I am so very proud of my nephew Patrick--pictured on the right in the photo collage above--who participated on Sunday, May 17th, 2015, in the first-ever "Tunnel to Towers Tower Climb."  He and another 999 participants climbed over approximately 2,000 steps to go 90 stories high in the new One World Trade Center in Manhattan, New York, that was built to replace the Twin Towers that were attacked and destroyed on 9-11-2001.  The participants were from 26 states and four countries, male and female, firefighters, military members, friends and family members of fallen first responders, among others.  My nephew was honoring his father, my brother, who was a New York City firefighter for almost 30 years. The Tunnel to Towers Foundation was formed to honor Stephen Stiller, one of the 343 firefighters who lost their lives on 9-11.  His heroic story can be read on this link.

Captain Billy Burke. photo source.

The Tower Climb was also in memory of firefighter Captain Billy Burke, who lost his life on the 27th floor of Tower One, as he was helping two trapped men, one of whom was in a wheelchair, trying to escape the burning building.  Tower Two had already collapsed and Tower One was soon going to do the same, but Capetian Burke told the other firefighters to leave, as he would stay with the men on the stairs.  His last words were: " Keep going, I'm right behind you."  Captain Burke's sister came from Florida to do the climb--you can read her story and see a video of how she trained for the climb on this link.


Building For America's Bravest video can also be watched on this link.

To participate in this event my nephew had to pay an entrance fee and he also fundraised to support the foundation "Building For America's Bravest" that builds smart homes" for catastrophically wounded soldiers, most who are double, triple and even quadruple amputees.

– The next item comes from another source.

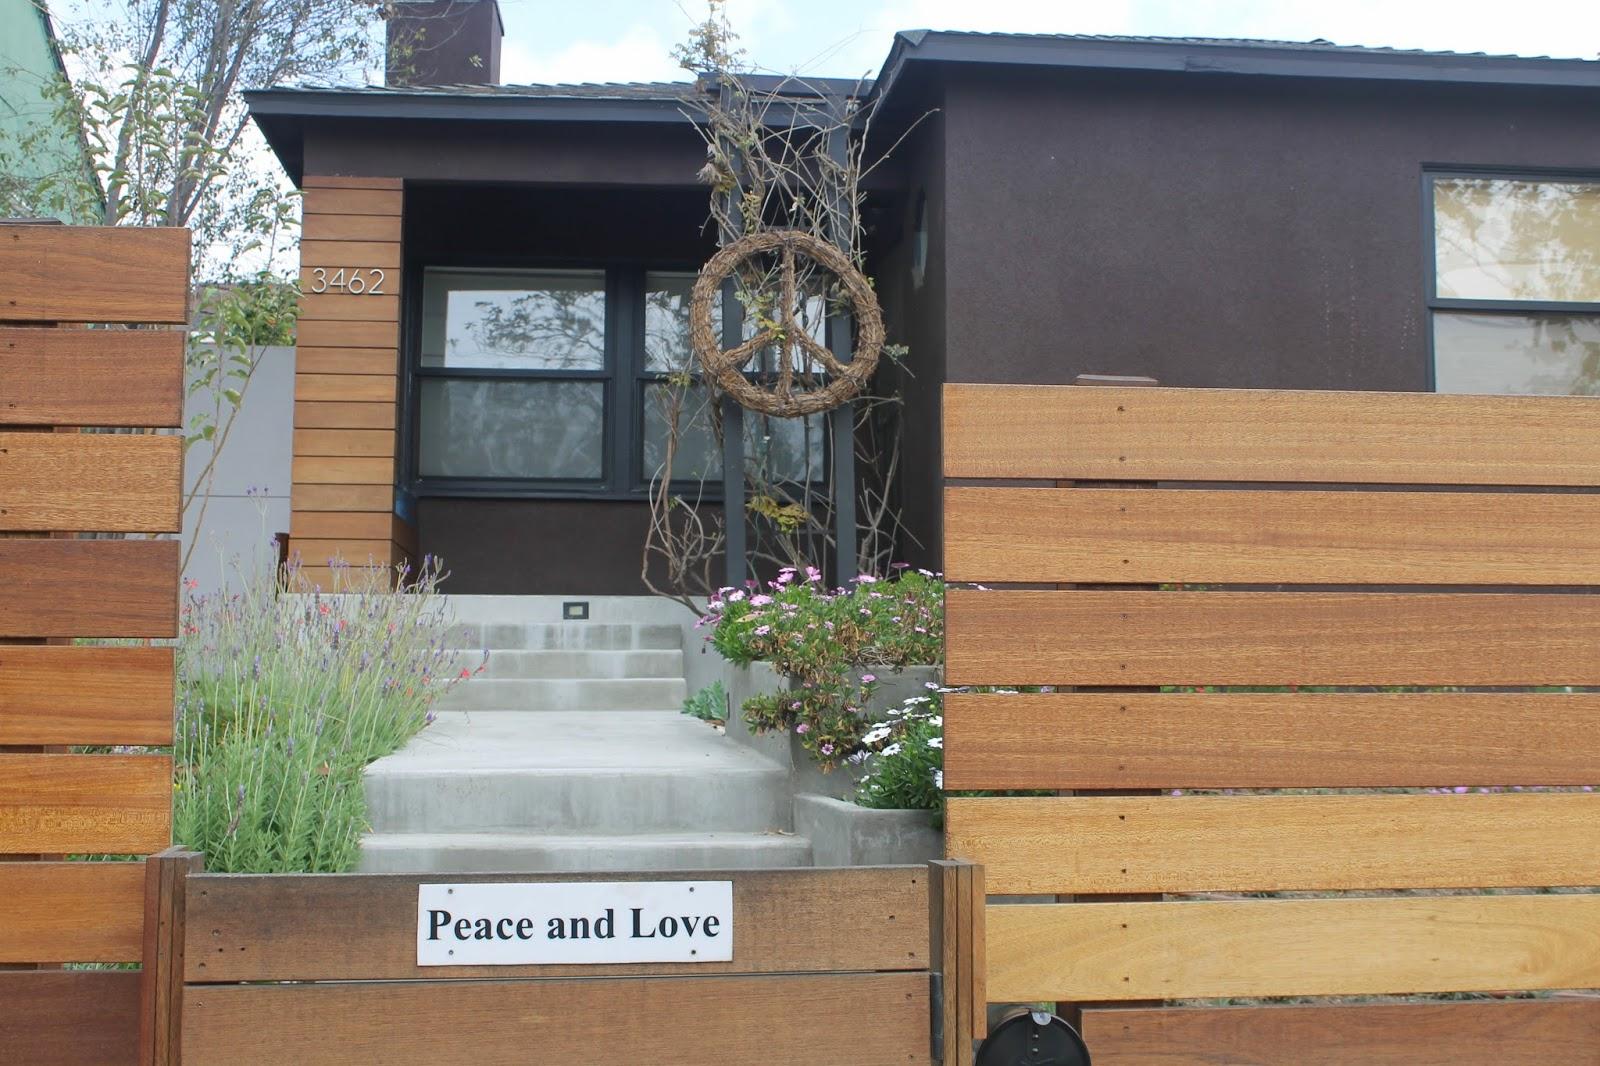 mar vista green garden showcase 3462 beethoven street cluster 4b

The smart homes allow amputees to be able to live as normally as possible with their injuries. One such veteran, Army Sgt. Bryan Dilberian, a triple amputee, who lost both legs and his left arm, when he stepped on an IED in Afghanistan in 2011,  joined in the Tower Climb today, climbing up the stairs on his prostheses! You can see a short video interview with him and read his story on this link. My nephew was very inspired when he saw Bryan climbing the stairs, and when he saw him complete the task!

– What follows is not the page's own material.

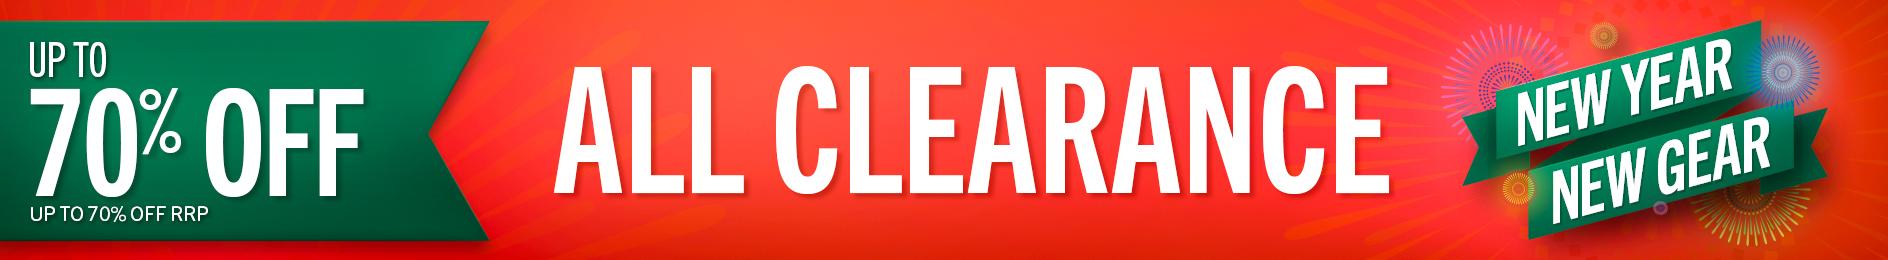 nyng-banner-clearance.jpg

Patrick has made my family proud before, as he is also a brave mountain climber when he is not teaching high school language arts classes, and being a loving husband and father of two daughters. I blogged about his ascent to the top of Mt. Kilimanjaro on this post.  He has since climbed Mt. Rainier, and Mt. Washington. He also entered the Tower To Tunnel race last year but a last-minute injury prevented his run.  Never-the-less, the money he raised for that event went towards the Tower to Tunnel Foundations' many wonderful charity causes.  Patrick made the 2,000 plus step Tower Climb climb in 27:28 minutes, accomplishing his goal of doing it in under 30 minutes. Patrick, you are a true hero among heroes!  We are so proud of your accomplishments!


If you would like to donate for this very worthy cause, Building For America's Bravestyou can do so on this link. These men gave so much and deserve our support to help live the rest of their lives as functionally as possible in a handicap accessible home of their own. The waiting list for such a home is so long--please consider helping these true heroes.